March 2016

Out on a limb: An analgesic assist

1Limb-JordanaJordana Bieze Foster, Editor

When it comes to improving outcomes after anterior cruciate ligament (ACL) recon­struction, lower extrem­­ity practitioners need all the help they can get. Fortunately, a recent study suggests they might be able to get some valuable assistance from their colleagues in anesthesiology.

Increasing numbers of studies have underscored the importance of quadriceps strength—and, in particular, quadriceps strength symmetry between limbs—in determining functional outcomes after ACL surgery. In fact, a number of orthopedic surgeons say the need to maximize quadriceps strength after ACL reconstruction is an important consideration in their choice of graft type, surgical technique, and rehabilitation protocols (see “Outcomes after ACL surgery: The importance of graft type,” page 18).

But a smaller body of literature is starting to indicate the type of analgesia used in ACL reconstruction procedures also affects postoperative quadriceps strength—which could, in turn, affect functional outcomes.

Femoral nerve blocks, for example, have been widely reported to cause immediate postoperative quadriceps weakness, particularly in patients undergoing total joint arthroplasty, but also in those undergoing ACL reconstruction. One might not think analgesia-induced weakness in the first day or two after surgery would have longer-term implications, especially in athletes, but research from the Mayo Clinic in Rochester, MN, suggests it might.

The type of analgesia used in ACL surgery can affect patients’ quadriceps strength, which could influence functional outcomes.

The Mayo Clinic team reported last February in the Journal of Knee Surgery that ACL reconstruction patients who received a postoperative femoral nerve block (FNB) had significantly weaker quadriceps at six months than patients who did not receive a FNB. Vertical jump and single-leg hop performance was also significantly poorer in the FNB group.

Given the obvious downsides to the conventional FNB approach, surgeons and their anesthesiologist colleagues have been looking for alternatives. These include the adductor canal block (ACB), a more distal block of the femoral nerve, positioned in the midthigh to preserve quadriceps femoris strength.

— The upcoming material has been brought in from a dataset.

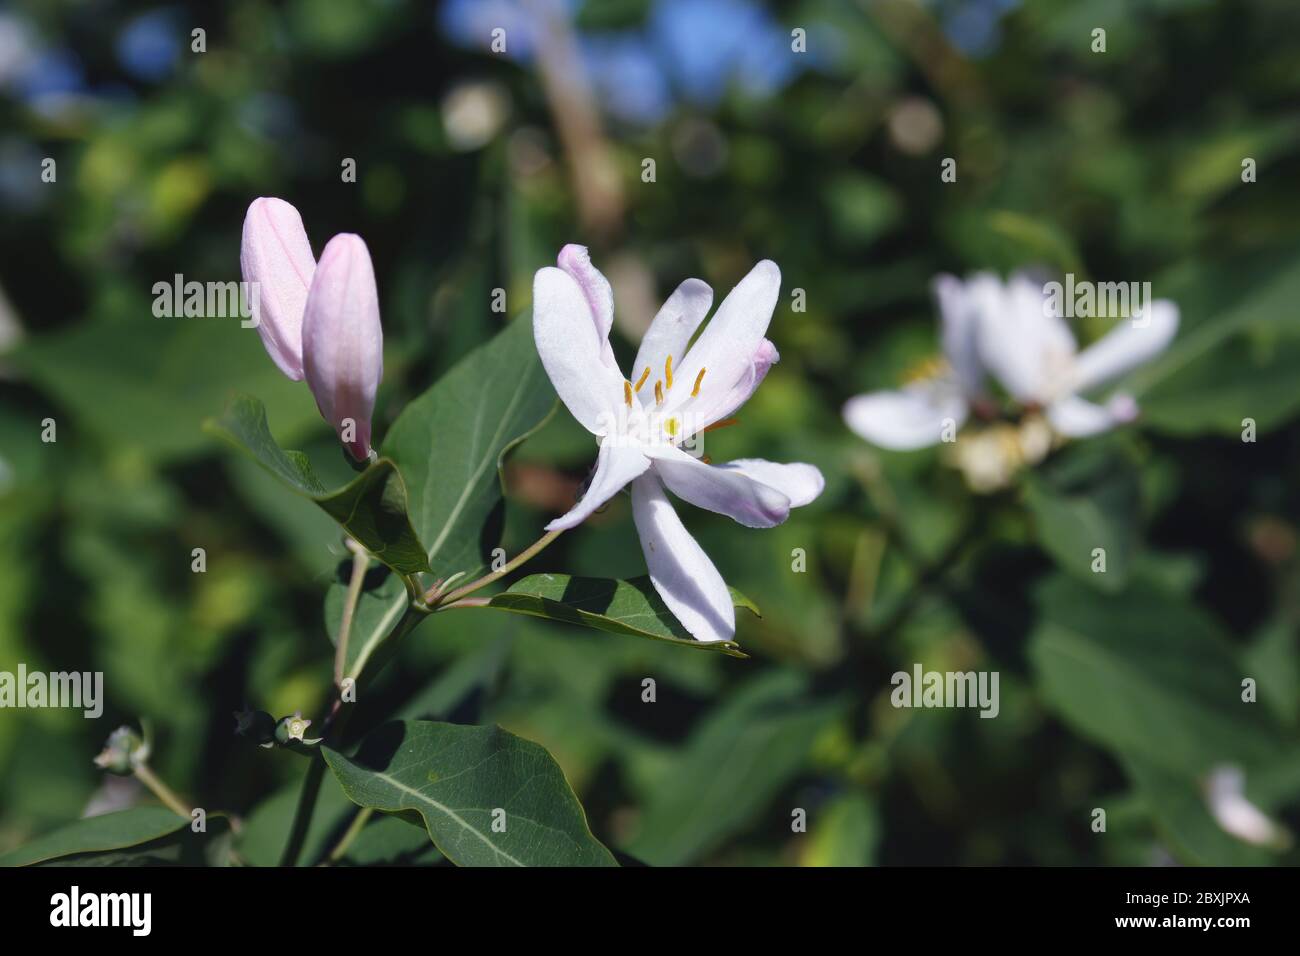 Frangula alnus flowering bush, blooming white flower close up detail, dark green leaves blurry background. Stock Photo

Early studies on ACB use in total knee arthroplasty patients have been positive. And, in a study epublished in early March by Anesthesiology, researchers from the University of Toronto in Canada found that an ACB administered prior to ACL reconstruction was associated with significantly less quadriceps strength loss than a preoperative FNB, while providing equal or better pain relief.

Granted, the findings are preliminary, and we can’t connect all the dots yet. The Toronto study only assessed strength loss preoperatively, so we can’t assume those effects would be evident postoperatively. The Mayo Clinic results suggest they might, but we can’t yet assume the findings of that study can be extrapolated beyond six months, or that they would have any impact on rerupture rates or cartilage degeneration.

Still, the findings are intriguing enough that lower extremity practitioners should at least be asking questions about analgesia when planning an ACL reconstruction or a postoperative rehab protocol.

And, when facing a clinical challenge as complicated as an ACL injury, lower extremity practitioners should also be encouraged to know that it’s a battle being fought on multiple fronts.